*** Dataset extract
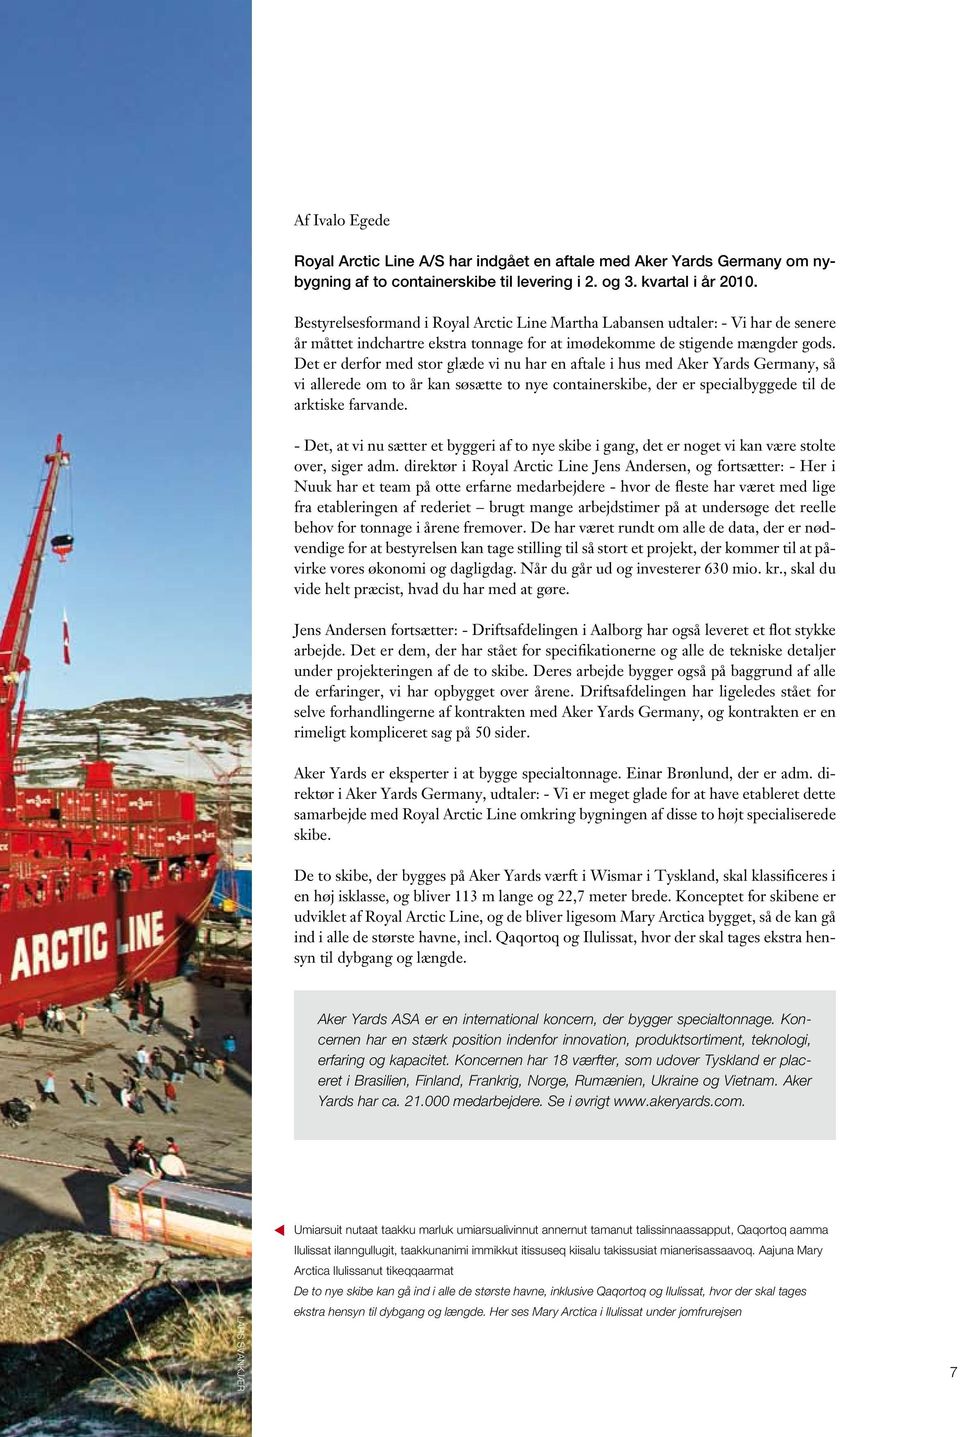 Det er derfor med stor glæde vi nu har en aftale i hus med Aker Yards Germany, så vi allerede om to år kan søsætte to nye containerskibe, der er specialbyggede til de arktiske farvande.
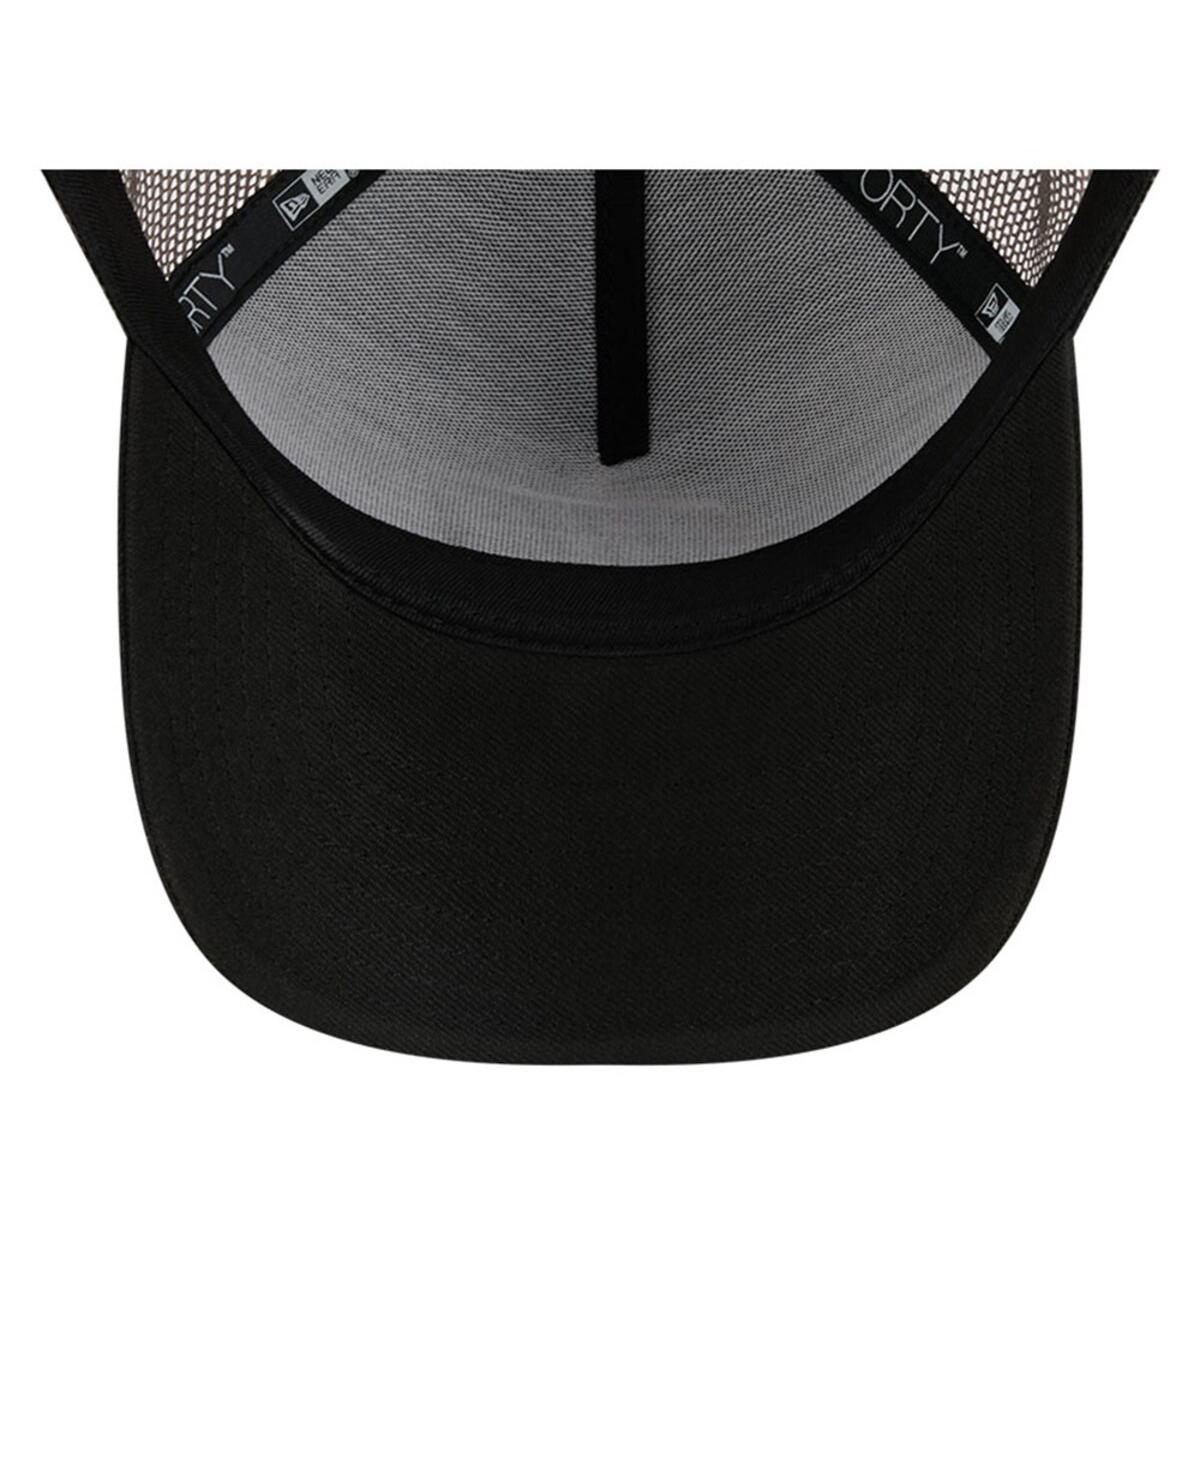 Shop New Era Men's  Black Nascar Camo 9forty A-frame Trucker Adjustable Hat
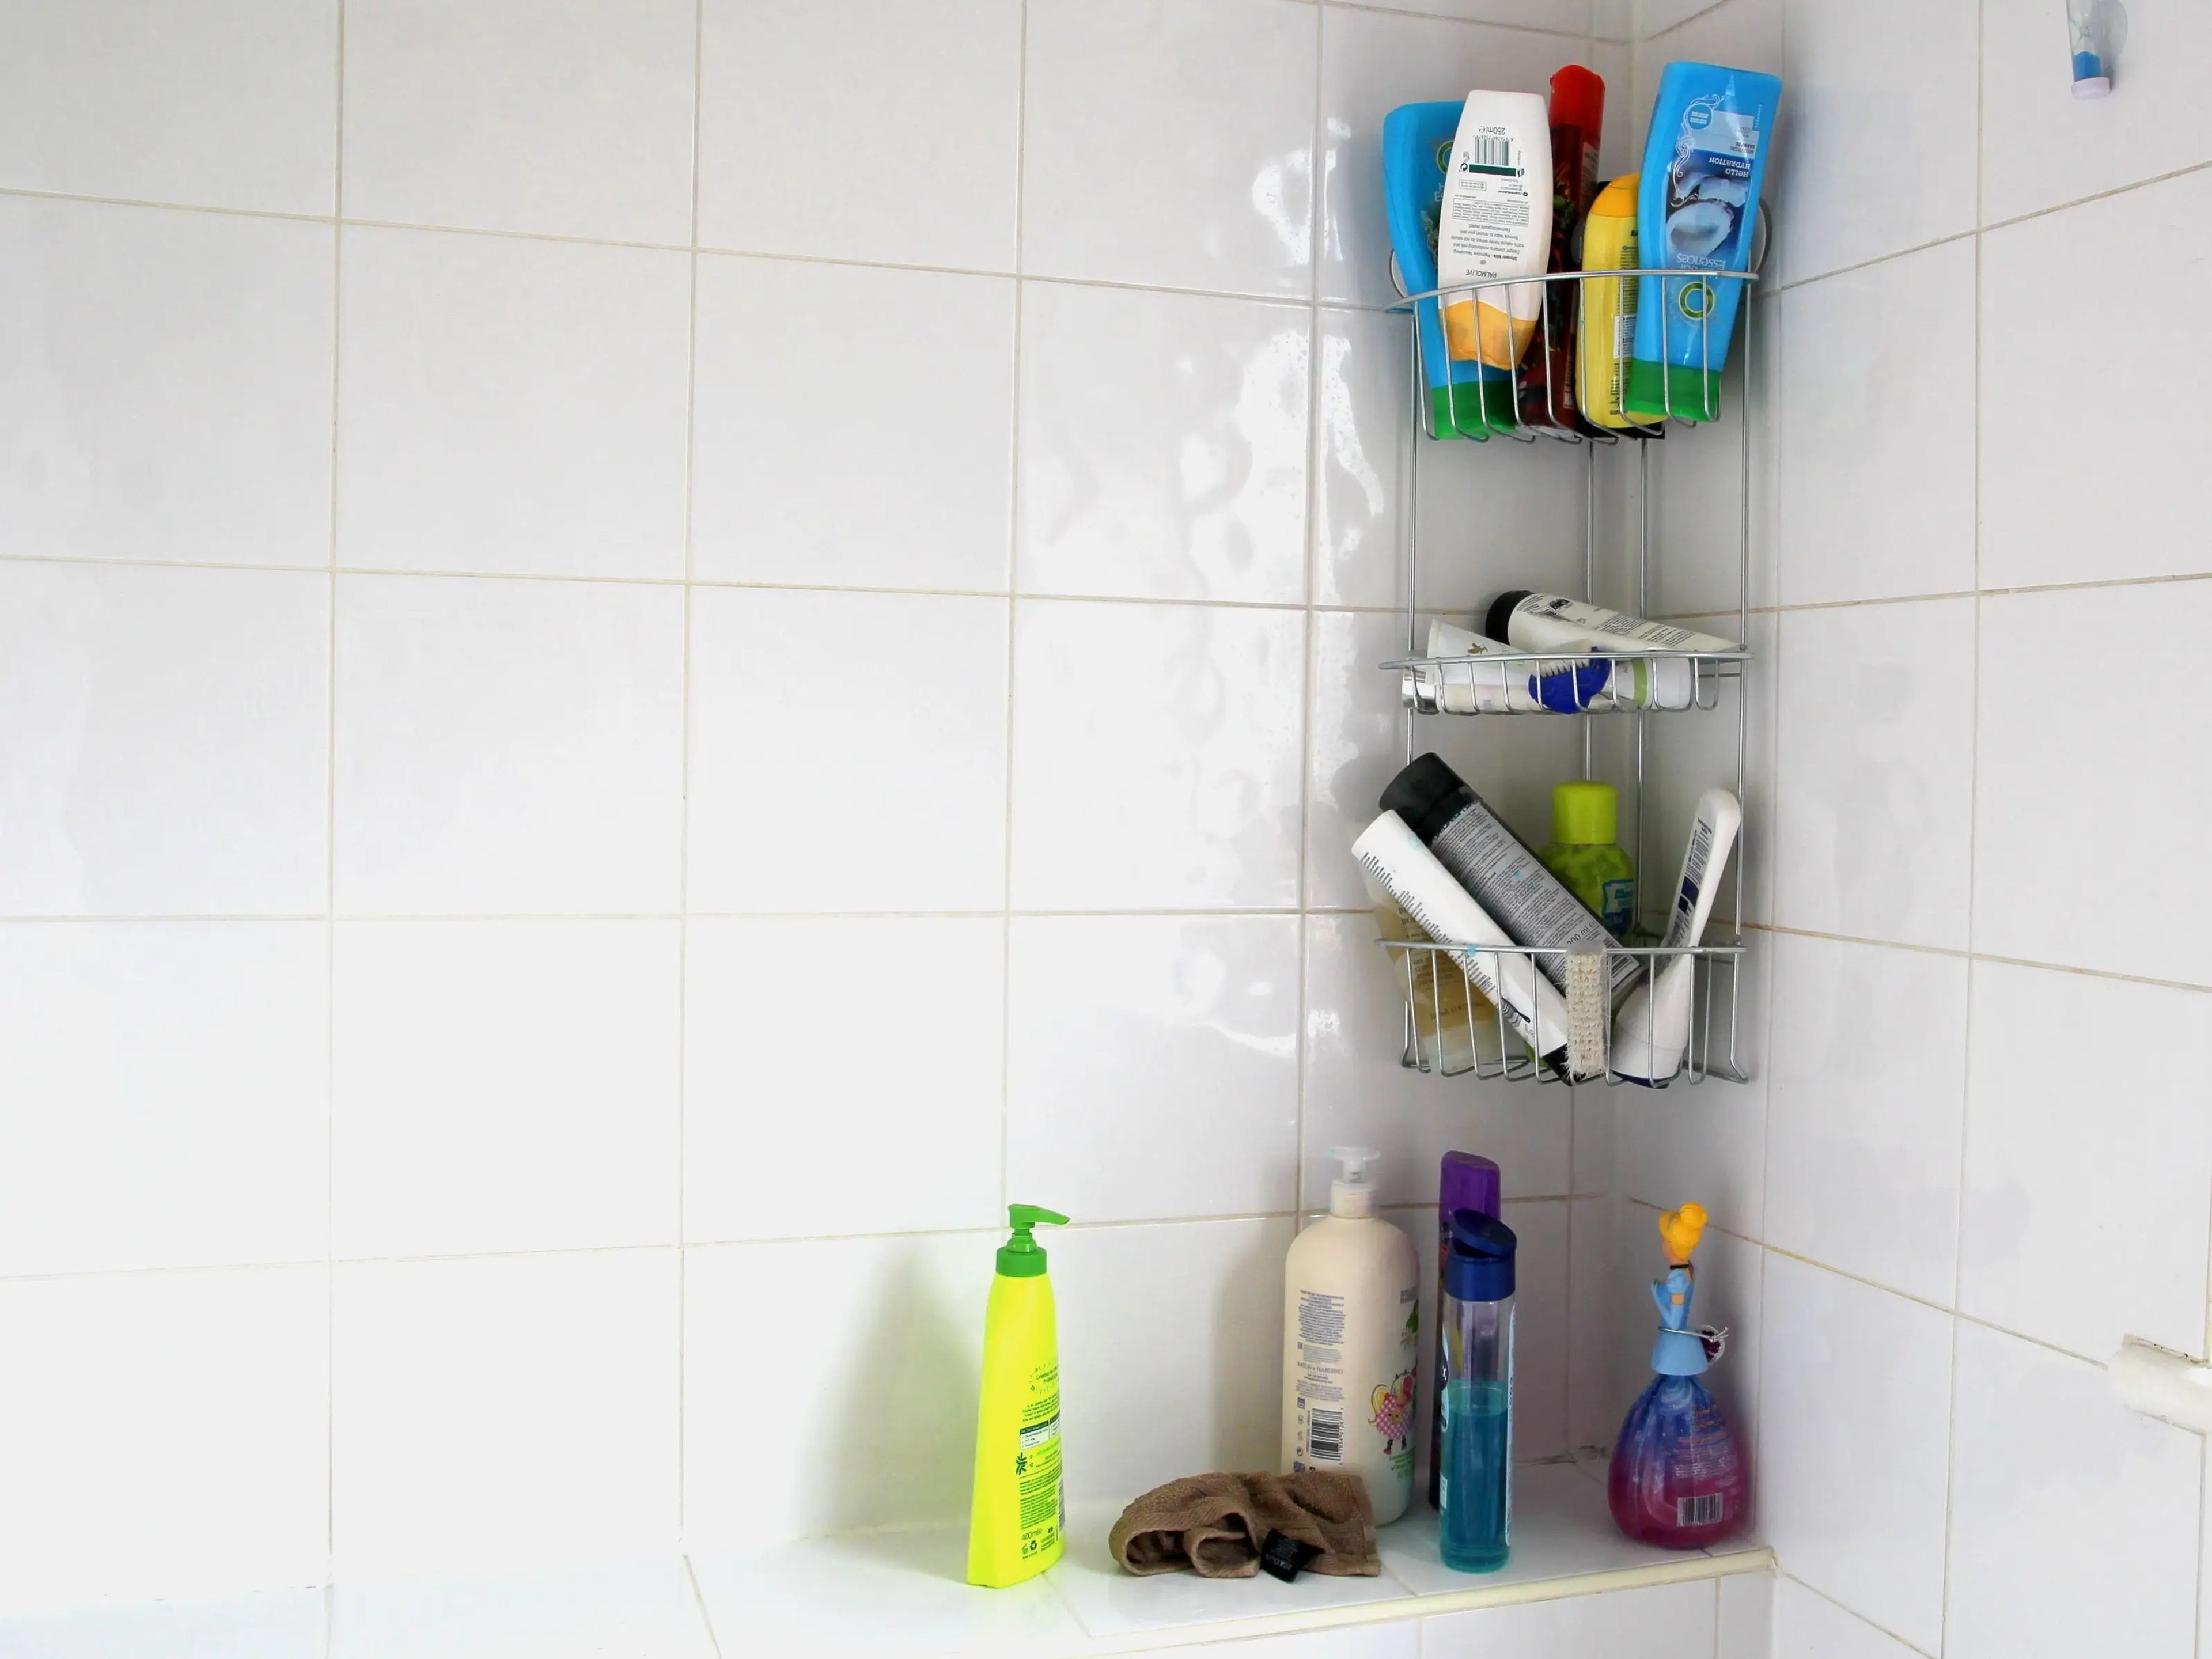 Productos de champú y gel de ducha en un cuarto de baño.
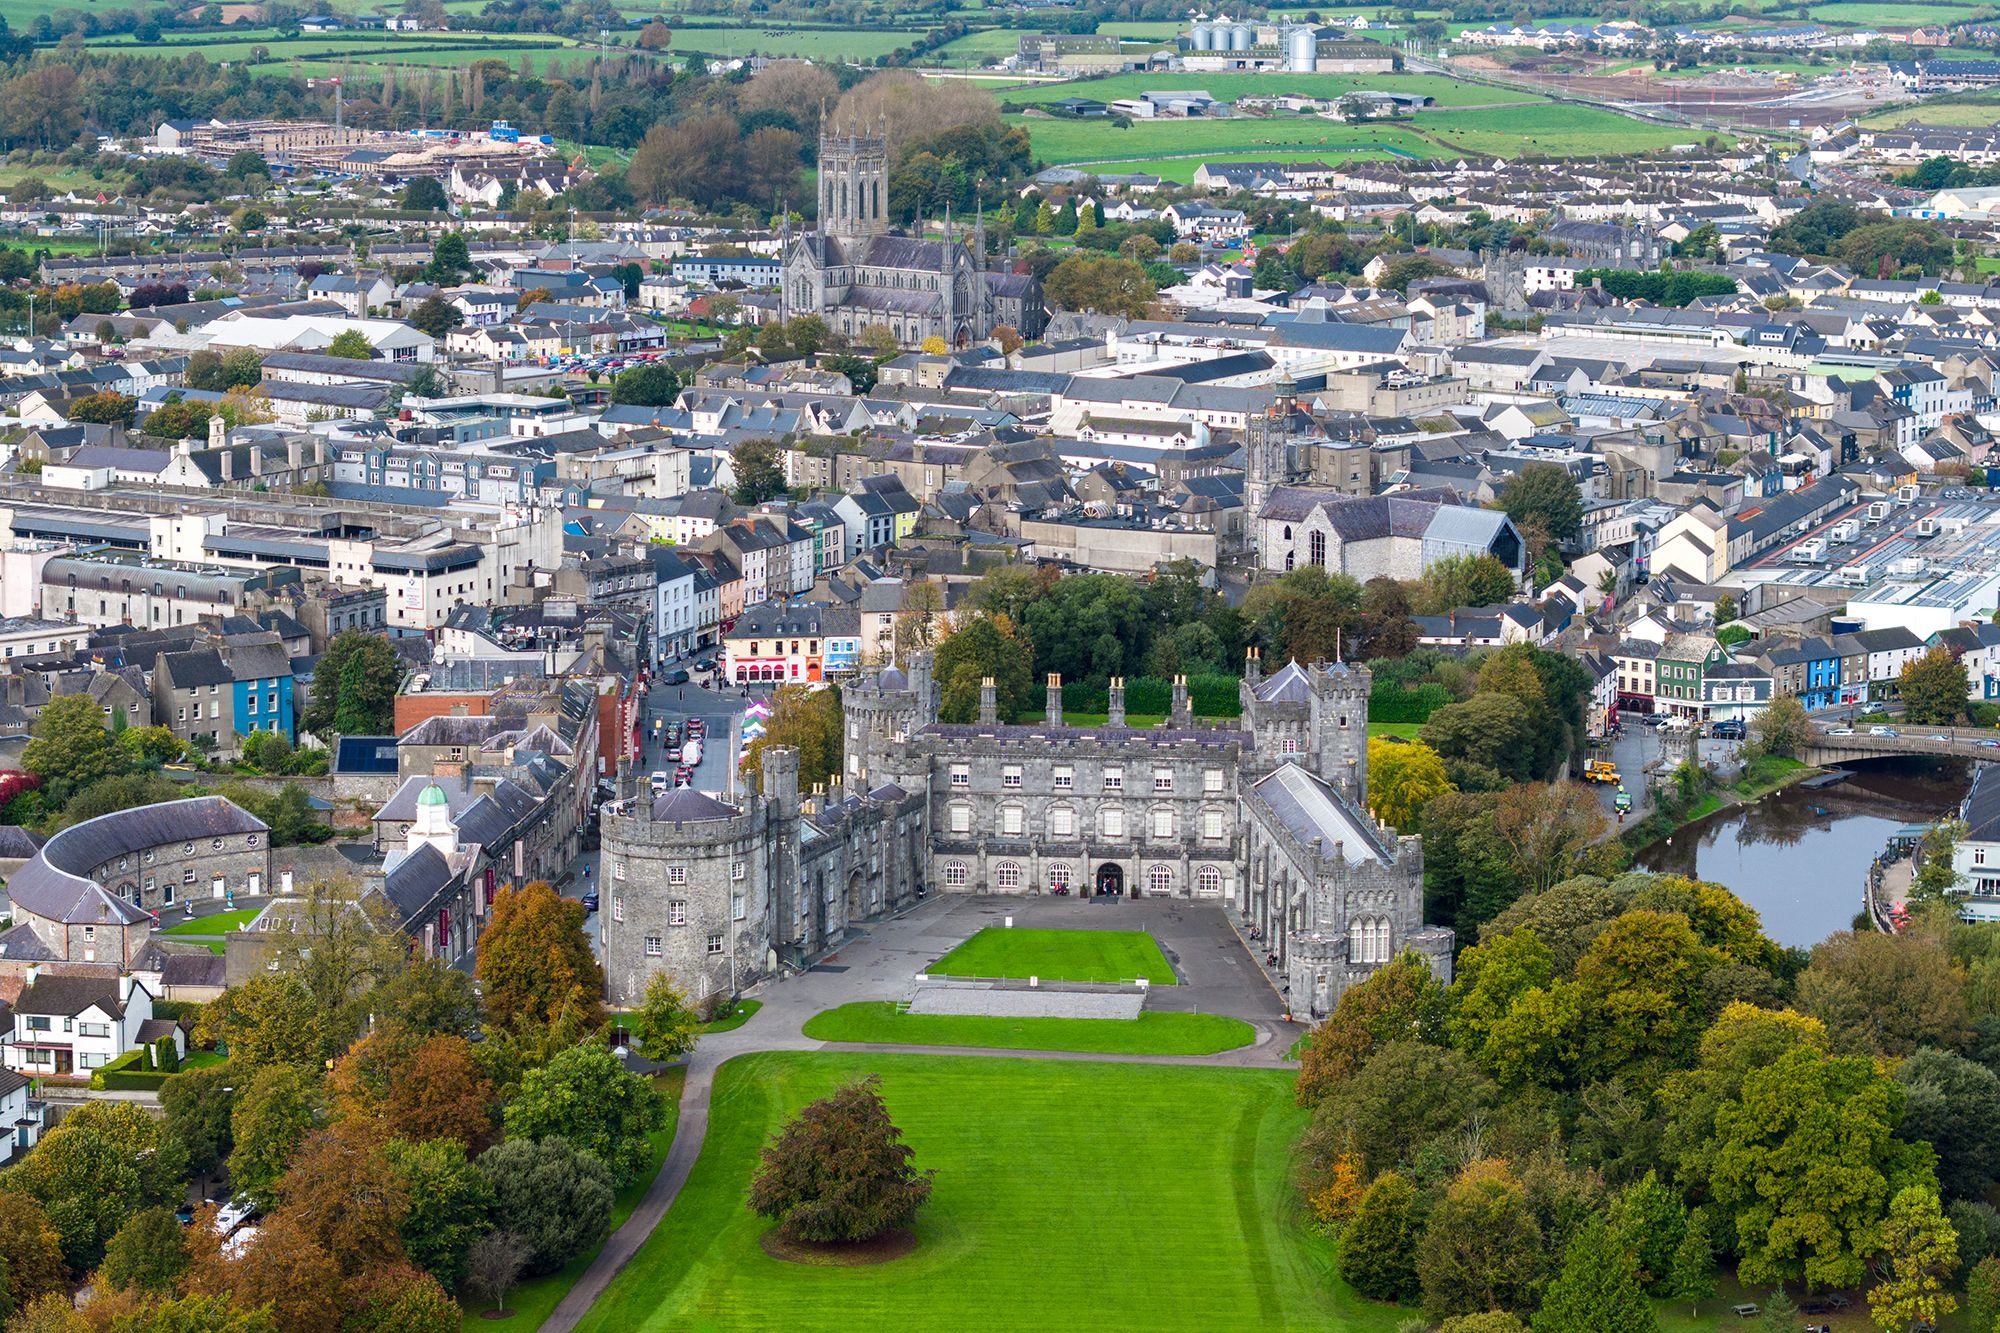 蔚为壮观的基尔肯尼城堡(Kilkenny)矗立在战略性高地上，控制着诺尔河的一处渡口，并且主宰着基尔
******
» Try it
Once the line with "Shop New Era" is found, output it and every line after it through the end of the listing, exactly, without pictures.

» Result for this exercise
 Shop New Era Men's  Black Nascar Camo 9forty A-frame Trucker Adjustable Hat
 Productos de champú y gel de ducha en un cuarto de baño.
 蔚为壮观的基尔肯尼城堡(Kilkenny)矗立在战略性高地上，控制着诺尔河的一处渡口，并且主宰着基尔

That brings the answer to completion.